Investigation of thin-film ultrasonic transducers for high-temperature applications

Abstract

Ultrasonic transducers based on aluminium nitride (AlN) piezoelectric thin films have been proposed for high-temperature (>400°C) defect monitoring of industrial plants and components. To form the transducers, c-axis oriented AlN films, 6 μm thick, were grown on carbon steel substrates by RF sputter deposition. If the films are deposited directly onto components, then the problems of high-temperature couplant layers can be avoided. Two approaches were taken to testing the devices. In the first method, the devices were heated on a hot plate up to 400-500°C and tested by pulse-echo measurements at high temperature and on returning to room temperature. It was shown that AlN thin-film transducers could maintain their performance in pulse-echo mode at temperatures approaching 500°C. A deterioration in performance below 500°C was attributed mainly to degradation of the top electrode.

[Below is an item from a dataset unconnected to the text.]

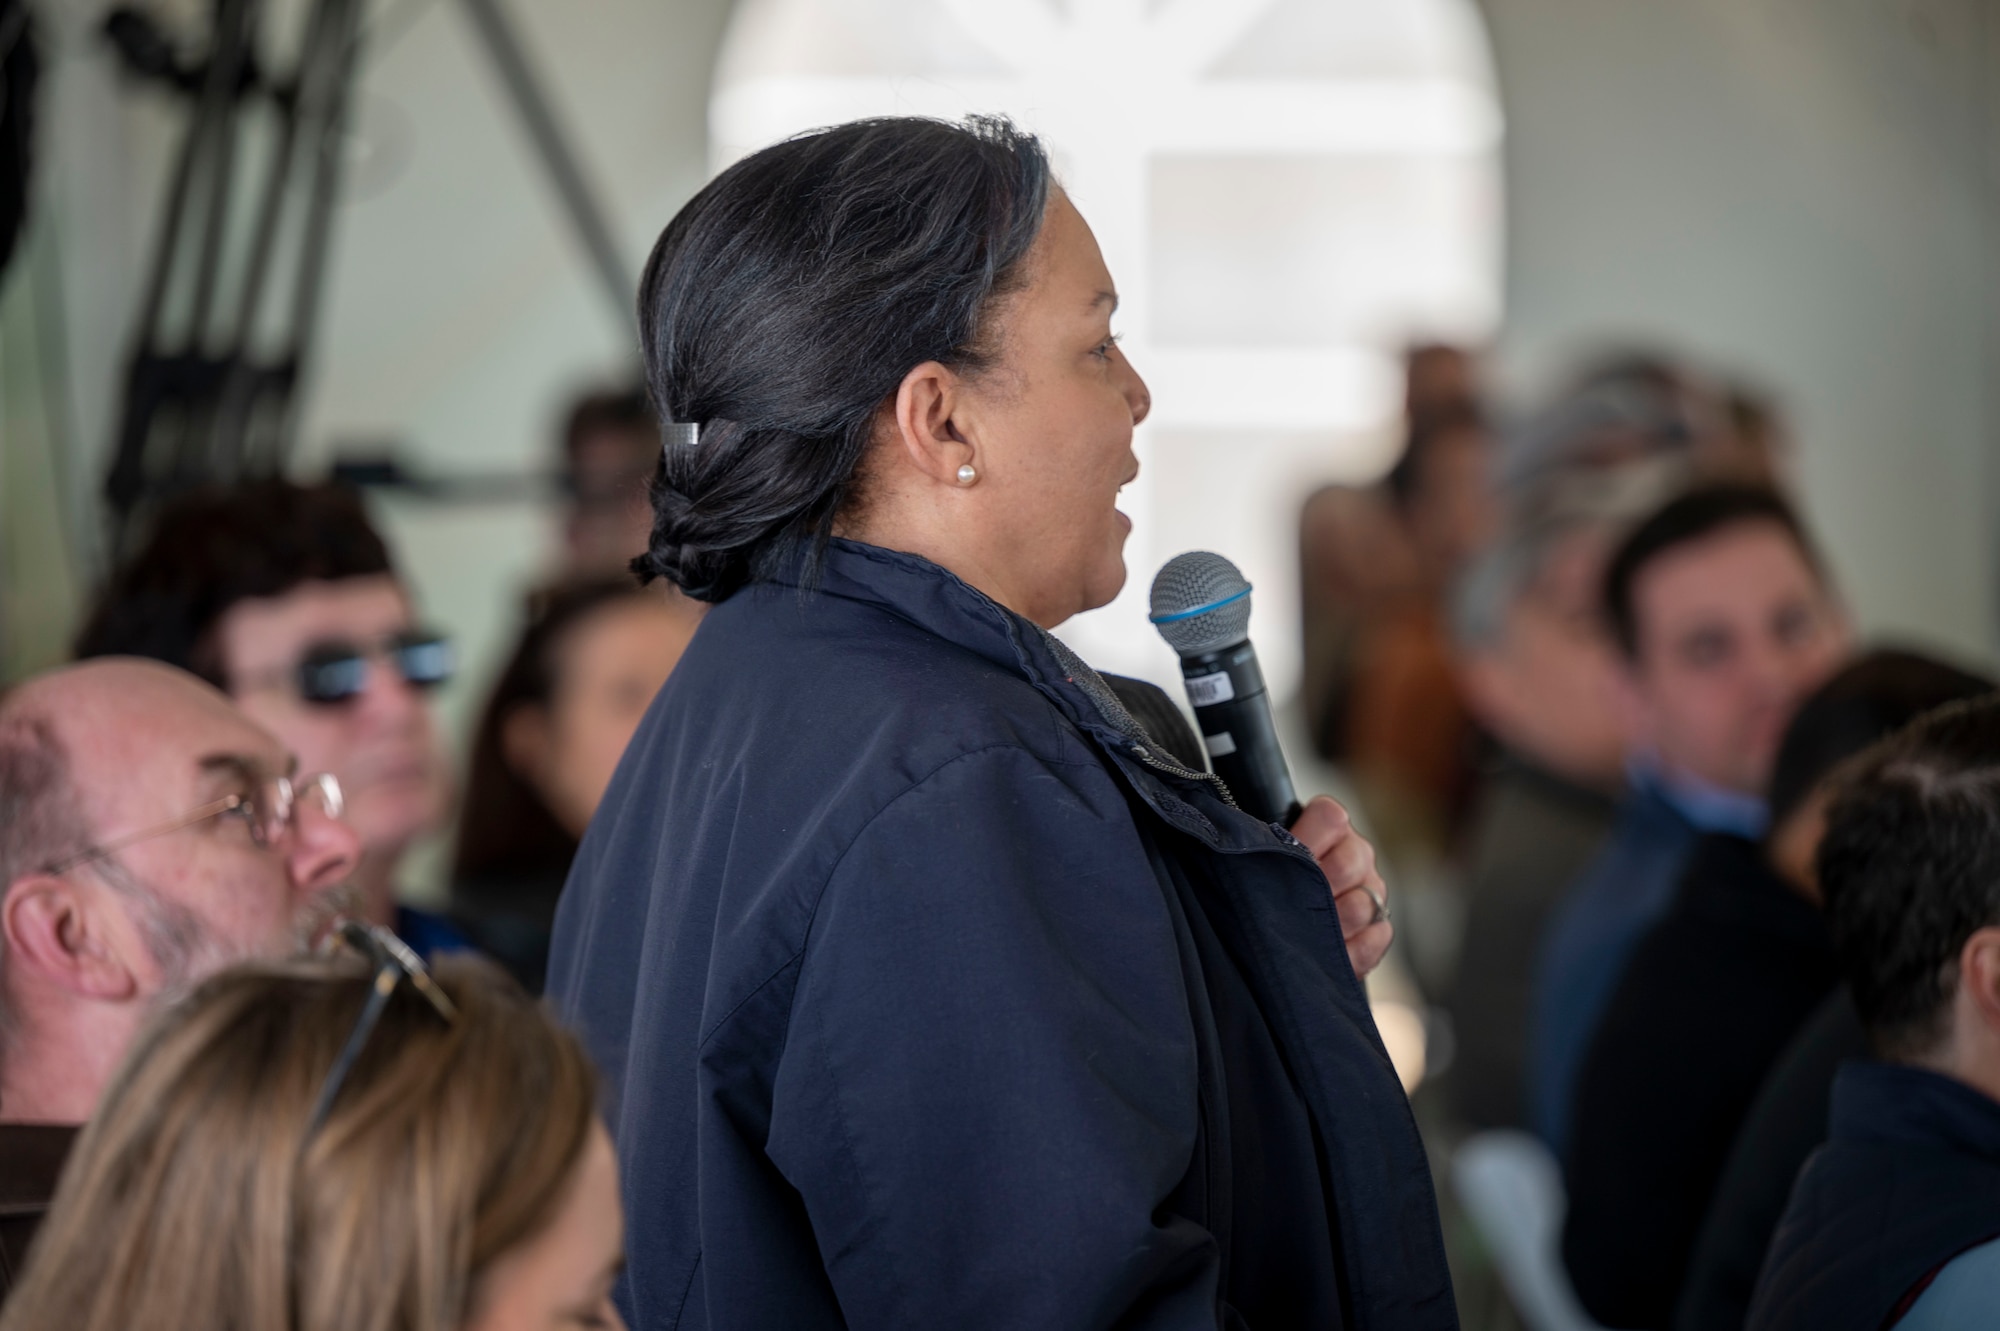 An Edwards Solar Enhanced Use Lease Project ribbon cutting ceremony attendee speaks about the cooperation between the contractors, U.S. Air Force, and local tribal nations to protect Native American cultural sites.

In the second method, film and substrate were heated in an oven to 600°C and subsequently characterised by X-ray diffraction and scanning electron microscopy to identify any structural change in the films and to investigate the transducer failure mode. These tests showed no significant change in the AlN film after heating. The high temperature durability of the transducers, however, was limited by heat-induced surface oxidation of the carbon steel substrate at the elevated temperatures, which led to decoupling of the film from the substrate.